An illegal cartel. This is an entity that engages in output- and price-fixing, which involves multiple competitors
repeated game
situation remains the same over several periods of time
prisoner’s dilemma
a type of game in which the outcome depends on two parties deciding whether to cooperate or to defect
tit-for-tat
strategy of matching the competitor’s move with an either aggressive or accommodative reaction
5 factors that describe which industries are conductive to collusion
- Concentration ratio
- Price leaser
- Homogenous products
- high entry barriers for new entrants
- Multimarket competition
- Concentration ratio
percentage of total industry sales accounted for by the top firms. The higher the concentration the easier to organize collusion
- Price leaser
Price leader needs to have the capacity to punish so possess sufficient resources to deter and combat defection (Treuebruch).
- Homogenous products
In an industry with equal products, rivals are forced to compete on price. This means that it is easier to collude and also easier to observe if rivals stick to the agreement.
- high entry barriers for new entrants
In an industry with high barriers for new entrants it is easier to collude. New entrants are likely to ignore the existing industry order and introduce less homogenous products with newer technologies.
- Multimarket competition
occurs when firms engage the same rivals in
multiple markets. Multimarket firms may respect their rivals’ spheres of influence
in certain markets, and their rivals may reciprocate (etw. erwidern) , leading to tacit collusion.
Deterrence is important if there is high market commonality. Because otherwise cross-market retaliation can take place which is costly.
market commonality
Market commonality can be defined as the number and significance of markets that a firm competes in with rivals.
cross-market retaliation
Retaliatory attacks on a competitor’s other markets if this competitor attacks a firm’s original market.
competition policy/ anti-trust policy
policies that monitor competition
leniency programmes
give immunity to members of a cartel that first report the cartel to the authorities
market division collusion
firms divide their markets
predatory pricing
monopolize a market by setting prices below cost with the intention to raise price to cover losses in the long run after eliminating rivals
dumping
exporter selling below cost abroad and planning to raise prices after eliminating local rivals
VRIO
Value-creation
Rarity
Imitability
Organization
resources meeting these criteria are necessary for long -term success in a competitive battle
Value-creation
“Is the firm able to exploit an opportunity or neutralize an external threat with the resource/capability?”
Rarity
“Is control of the resource/capability in the hands of a relative few?”
Imitability
“Is it difficult to imitate, and will there be significant cost disadvantage to a firm trying to obtain, develop, or duplicate the resource/capability?”
Organization
“Is the firm organized, ready, and able to exploit the resource/capability?” “Is the firm organized to capture value?”
Survival strategies
are designed to ensure survival by liquidity and positive cash flow.

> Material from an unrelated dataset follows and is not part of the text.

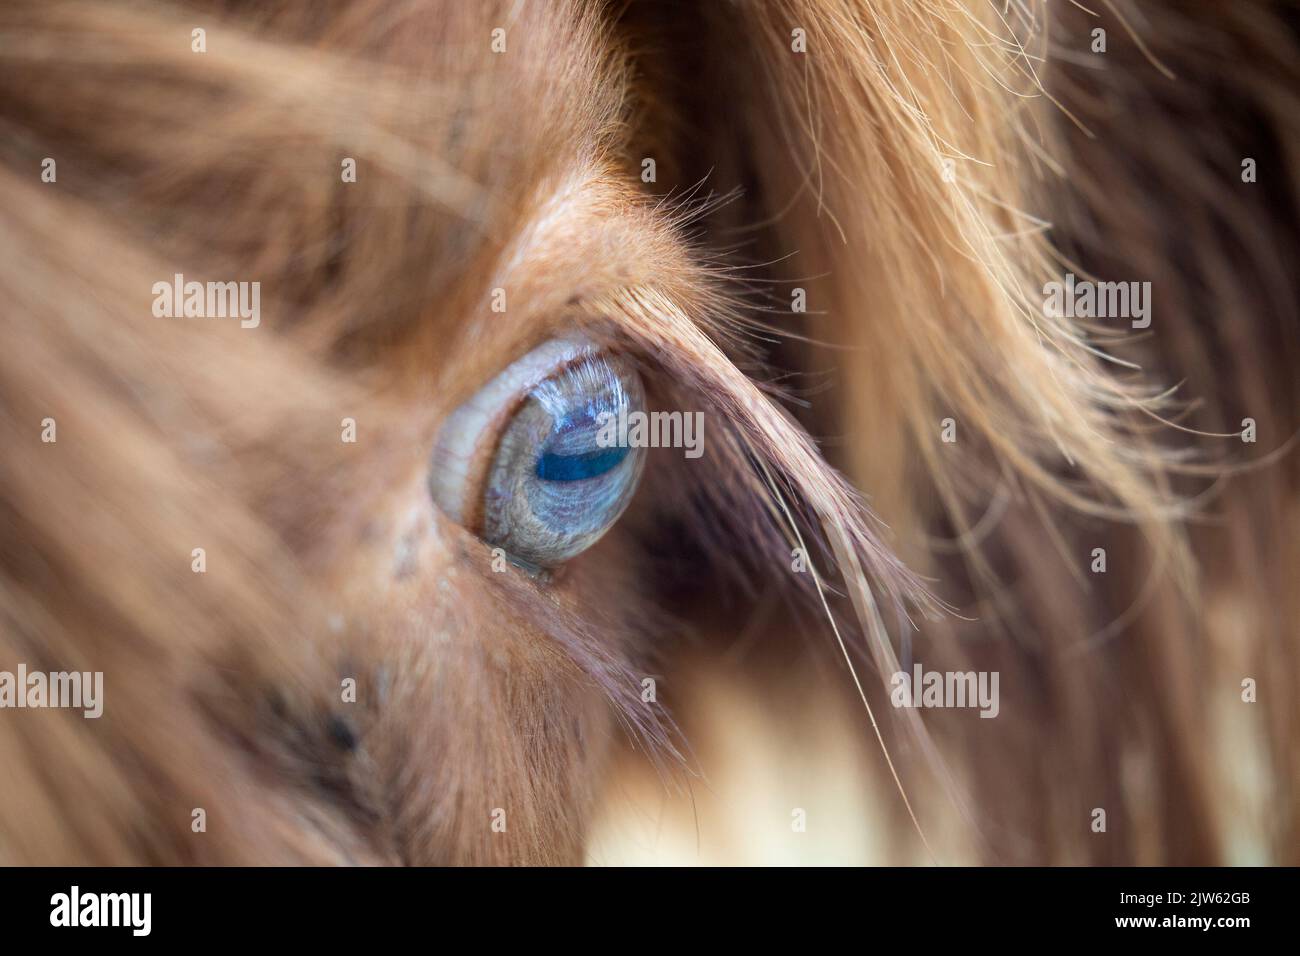 Highland cow unusual blue eye close up Stock Photo

During a recession companies should focus on value for money products
contingency plans
plans devised for specific situations when things could go wrong
4 strategic postures for small firms vs. MNEs
- Dodger
- Contender
- Defender
- Extender
- Dodger
Industry Pressure to Globalize is high.
centers on cooperation through joint ventures with MNRs and sell-offs to MNEs. (Customized to home markets)

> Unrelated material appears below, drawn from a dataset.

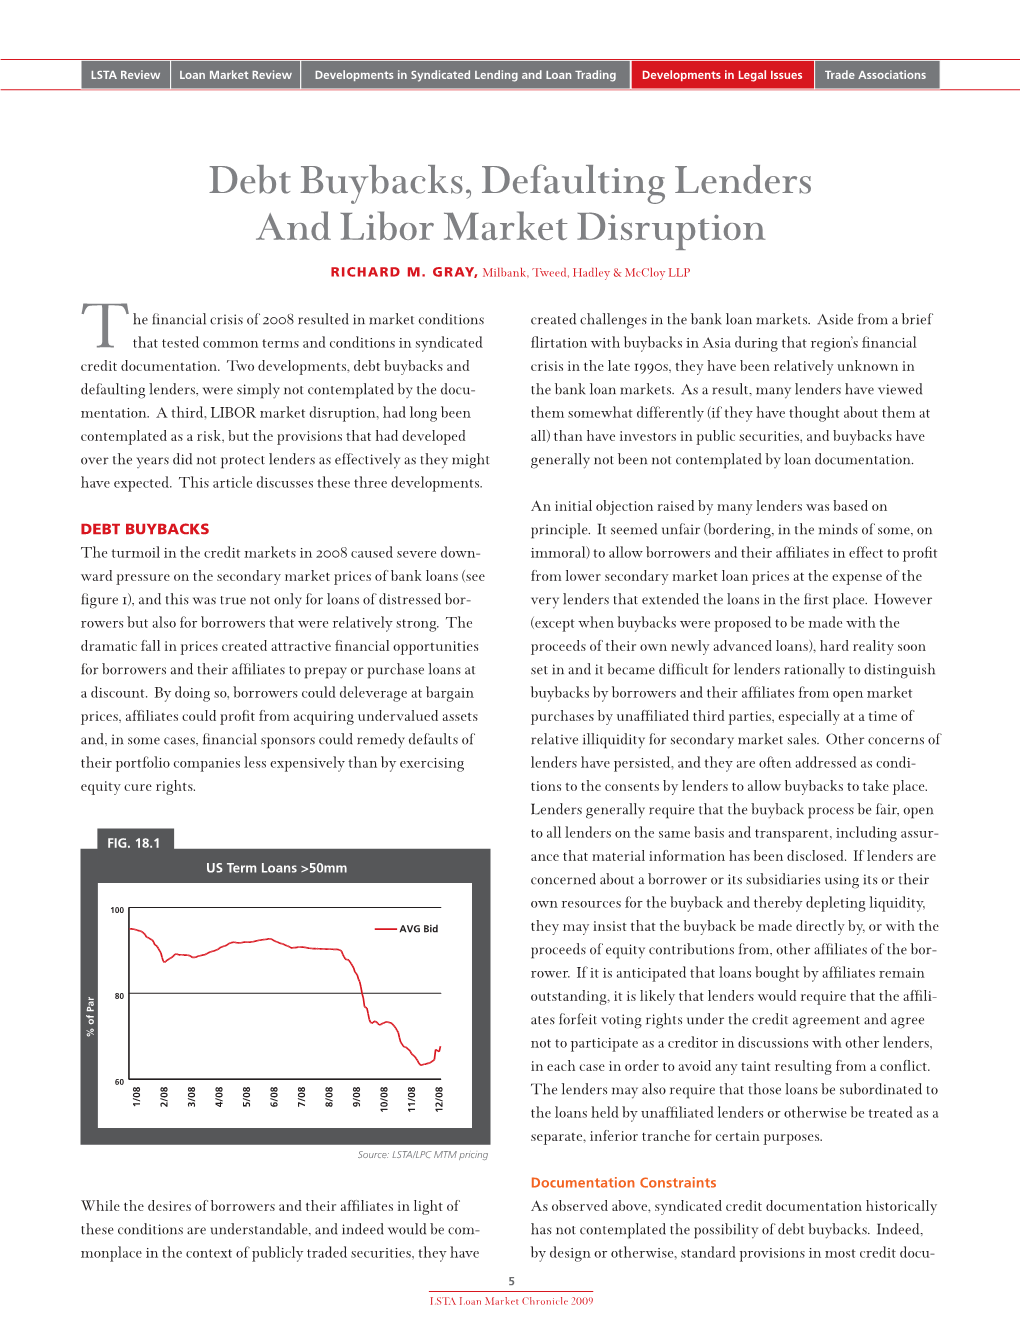 Debt Buybacks, Defaulting Lenders and Libor Market Disruption

- Contender (Herausforderer)
Industry Pressure to Globalize is high.
engaging in rapid learning and then expanding overseas. Transferable abroad
- Defender
When pressure for globalization is low
Leveraging local assets in areas in which MNEs are weak.
Competition in regional and domestic markets. Customized to home markets.
- Extender
Low pressure for globalization, but firms have transferable skills
Leverage home-grown skills abroad.
Transferable abroad
Example of asset specificity
In the late 1980s, The NutraSweet Company was the largest producer
of the artificial sweetened aspartam by volume was for diet soft drinks, making CocaCola and Pepsi the largest buyers. The investment in aspartame capacity by The
NutraSweet Company is therefore an example or dedicated assets.